Los miembros del grupo de Los Interesantes acaban brillando de forma desigual. Ethan es el que triunfa de forma más ostentosa con su serie de animación «Figland» (una especie de «Los Simpsons» mucho más de autor) y, aunque inicialmente (y eternamente) muestra un interés sentimental en Jules, acaba emparejándose con Ash, la mejor amiga de la protagonista que obtendrá un éxito en el campo del teatro feminista no se sabe muy si porque puede permitir perseverar en ello gracias al colchón de su familia y su marido o porque tiene verdadero talento. Jonah, el hijo de una cantante folk famosa, vivirá toda su vida de espaldas a su propio talento musical por culpa de un trauma de infancia. Wolfman, el hermano de Ash, tendrá que desaparecer del mapa tras un suceso turbio… Y, así, a la fuerza, Jules y sus amigos tendrán que enfrentarse a las múltiples decepciones que van forjando la existencia adulta humana. Tendrán que sobreponerse a la facilidad de las comparaciones, de criticar la suerte ajena y cubrir la mediocridad propia con un lamento de clase baja.

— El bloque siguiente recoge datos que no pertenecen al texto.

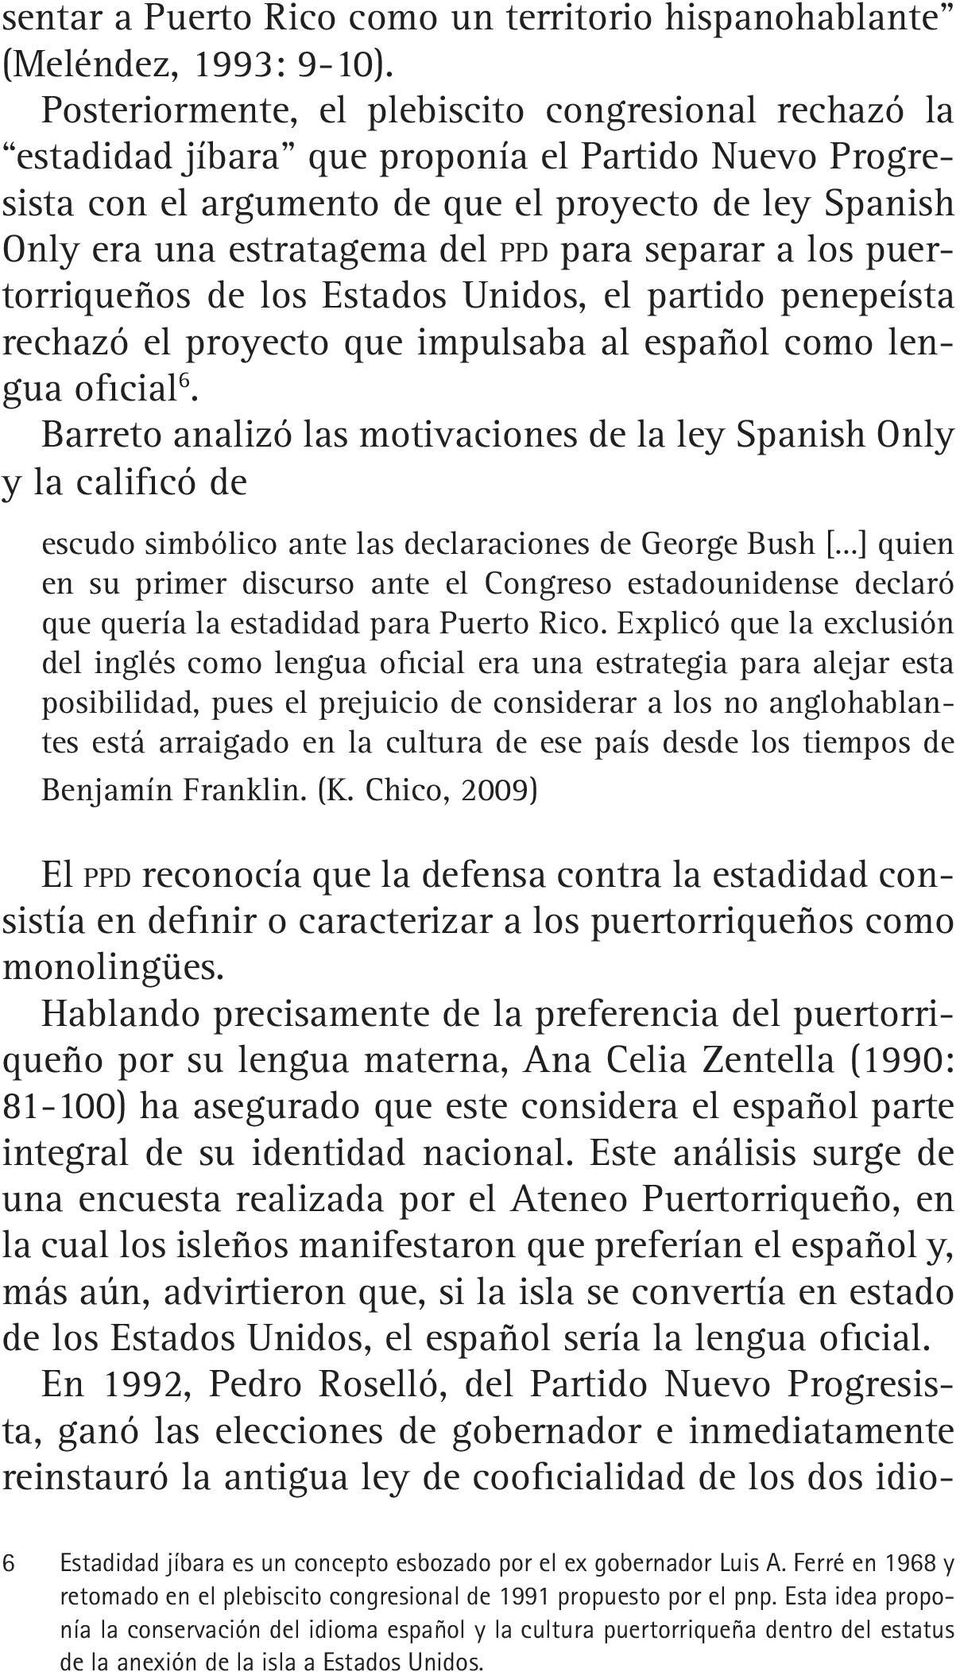 para separar a los puertorriqueños de los Estados Unidos, el partido penepeísta rechazó el proyecto que impulsaba al español como lengua oficial 6.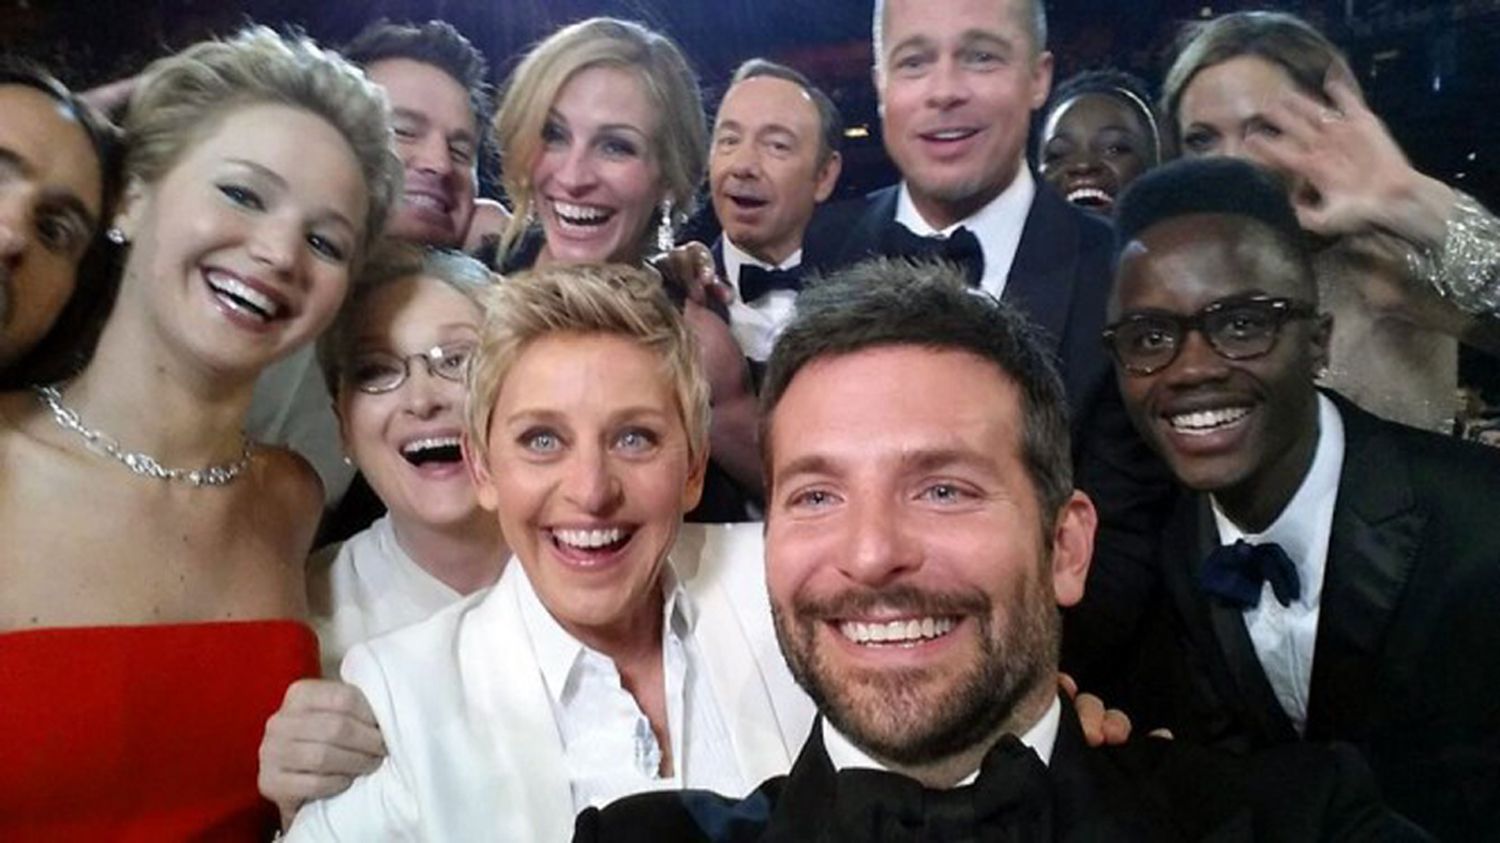 Premios Oscar: ¿Cuál es la maldición de la emblemática selfie de Ellen DeGeneres?¿Qué pasó con los actores?

Uno de los aciertos más sublimes de Wolitzer es, además, la estructura con la que presenta esta historia río. Cada capítulo tiene una especie de hilo central que narra una vivencia de alguno de los personajes. Pero, a partir de ahí, ese hilo central va espoleando recuerdos que van adelante y atrás, que van conformando un puzzle deliciosamente desordenado que tiene una coherencia interna emocional y conceptual mucho más poderosa que la temporal. Cada episodio de «Los Interesantes» es un pequeño gran caos del que se acaba extrayendo una imagen clara y profunda… Como la vida misma. Como esta existencia que, pasada cierta edad, somos incapaces de vivir de forma lineal porque, al fin y al cabo, los recuerdos se van interponiendo una y otra vez en nuestro camino.
Y así, con la cronología alterada pero con los sentidos abiertos al máximo, «Los Interesantes» llegan a un final que sólo puede pasar por la aceptación de otro tabú: «No hacía falta ser siempre el que deslumbra, el explosivo, el que hace partirse de risa a la gente, con el que todos quieren acostarse o el que escribe e interpreta una obra de teatro que todos ovacionan. Podrías dejar de obsesionarte con la idea de ser interesante. Y en cualquier caso, la definición podía cambiar«. Vivimos en la era del refuerzo positivo, de la corrección política, de la crítica positiva (o, directamente, de la ausencia de crítica), de la sobreprotección de los niños y la necesidad de hacerles creer que serán grandes, que serán famosos, que tendrán éxito. Que son y siempre serán especiales. Meg Wolitzer, con la mayor de las dulzuras, te invita en «Los Interesantes» a que dejes de vivir esta mentira. Duele admitir que no eres especial. Que eres uno del montón. Pero más duele vivir aferrándose a un fantasma que hace mucho tiempo que se desvaneció en el aire sin dejar ni rastro.